XXII
Урка
С каждым годом зырянский край беднеет ценным зверем. Некогда в зырянских лесах, даже в окрестностях городов, водились соболя; бобров было без счета, так что, возвращаясь домой с охоты, зырянин при носил их десятками. То и дело встречались собольи шубы, собольи шапки, собольи полости, одеяла, и даже соболями отделывались крыльца.
То - преданье старины глубокой.
Теперь соболь попадается редко, да и то за Камнем, то есть за Уральским хребтом, в сибирской стороне.
Не изменяет зырянам только белка, иначе урка. Как и прежде, ее теперь много, и трудно истребить ее, потому что она неимоверно плодлива. Самки приносят в год до 20 детенышей (по весне и по осени), причем весенние, в свою очередь, плодятся, и к осени того же года их приплод готов для стрельбы. Можно сказать, что от каждой пары белок (т.е. самца и самки) разводится ежегодно 40 штук. Плохой охотник получает по 200 и более штук на ружье.
Кто не видал из нас урки, известной среди русских более под именем векши? Всем известен этот зверек. Какой он грациозный. Урка легка, быстра,- скачет ли она по деревьям, сидит ли на ветке и лакомится орешками всегда видны ее ловкость, грация: прелестный зверек!

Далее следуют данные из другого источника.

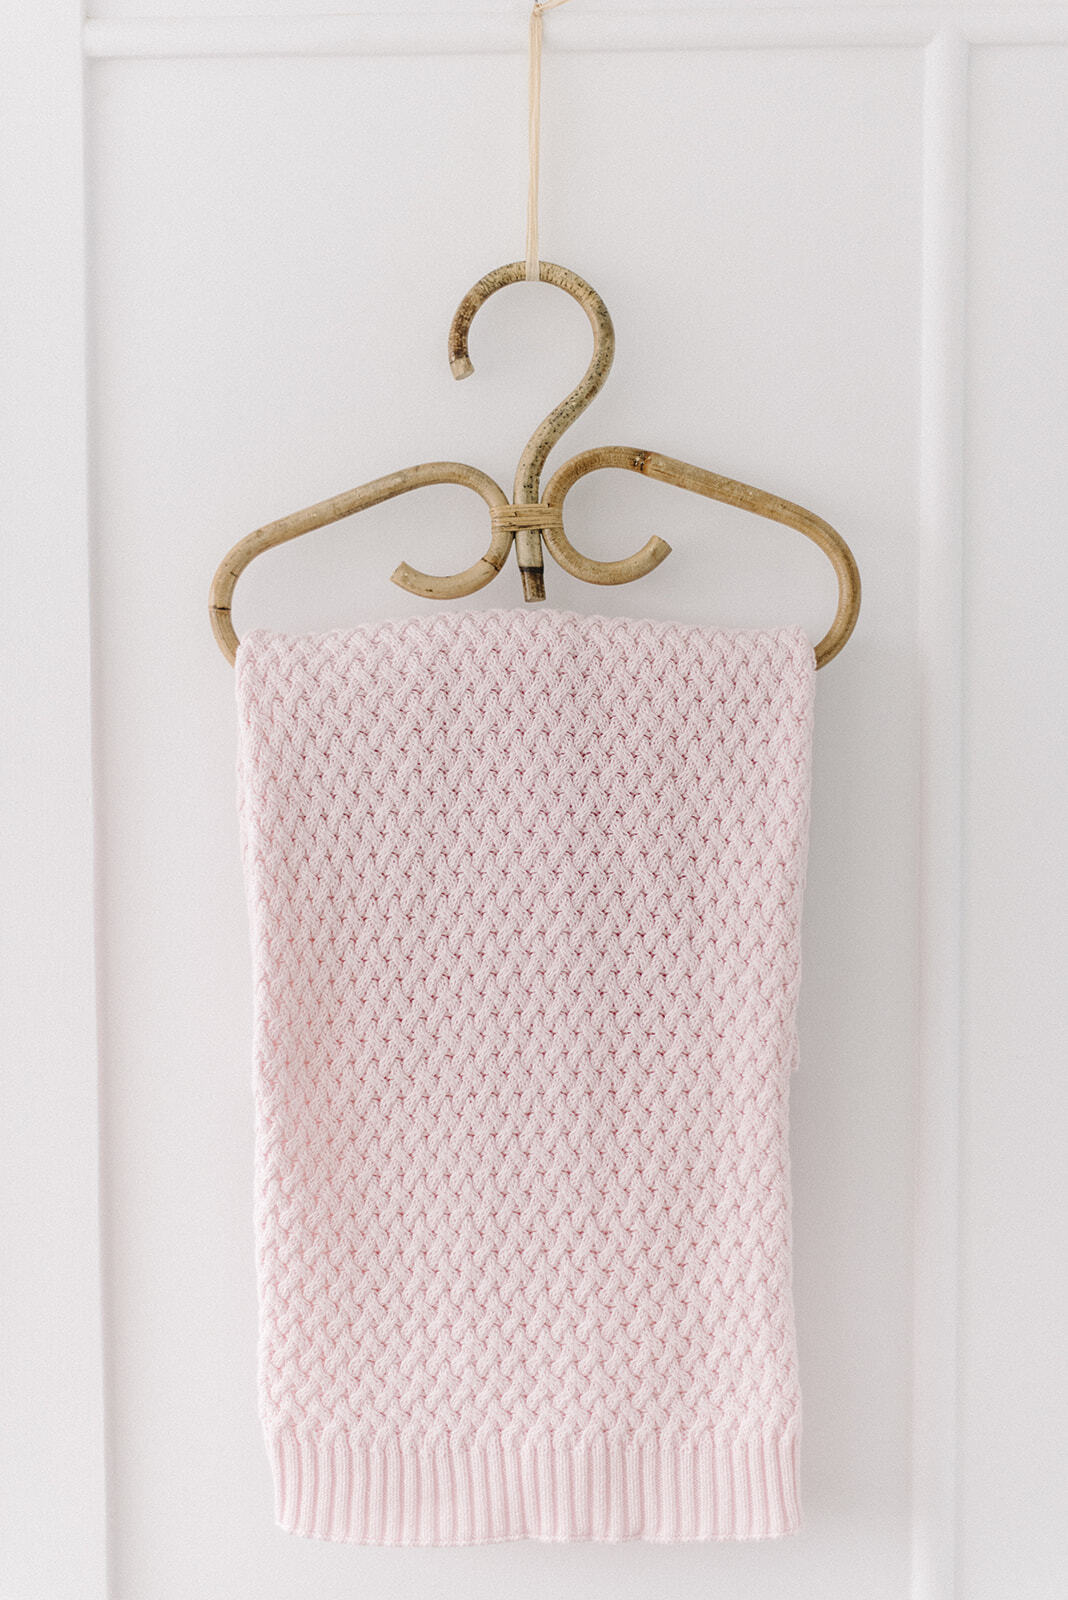 Blush Pink I Diamond Knit Baby Blanket

Она имеет довольно длинную, пушистую и мягкую шерсть, которая на брюшке короче, а на спине длиннее; ушки стоячие, довольно длинные, покрытые шерстью темного цвета в виде кисточек. На хвосте шерсть длинная, густая, пушистая. Ножки соразмерные со всем телом - мохнатые, и притом задние длиннее передних; ступни широкие. Когти довольно длинны и остры, мордочка красивая, тупая, с черными быстрыми глазенками, зубы передние остры, на губах - черные усы. Странно, почему этого зверька назвали белкой? У векши белы только брюшко и грудь, а голова, спинка, ноги - серенькие, темно-пепельного цвета. Уж скорее назвать бы белкой зайца-беляка, горностая или ласку, потому что они зимою бывают белы, как снег. Зыряне зовут векшу уркой, это гораздо основательнее: урка - от слова урчать, то есть зверек, который урчит. Так и есть: голос белки похож на урчание. Преследуемая охотником, загнанная на одиноко стоящее дерево, векша бегает по веткам и, взобравшись на самую вершину дерева, не видя возможности перескочить на другое, сердится, трет передними лапками мордочку и урчит. Любимая пища урки - кедровые орехи, а также грибы, преимущественно белые. Там же, где нет кедра, или в неурожайные годы урка питается сосновыми шишками, даже не брезгует еловыми и березовыми почками. Но питание сосновыми шишками довольно рискованно и часто кончается гибелью для бедного животного: смола заклеивает рот зверьку, и он издыхает.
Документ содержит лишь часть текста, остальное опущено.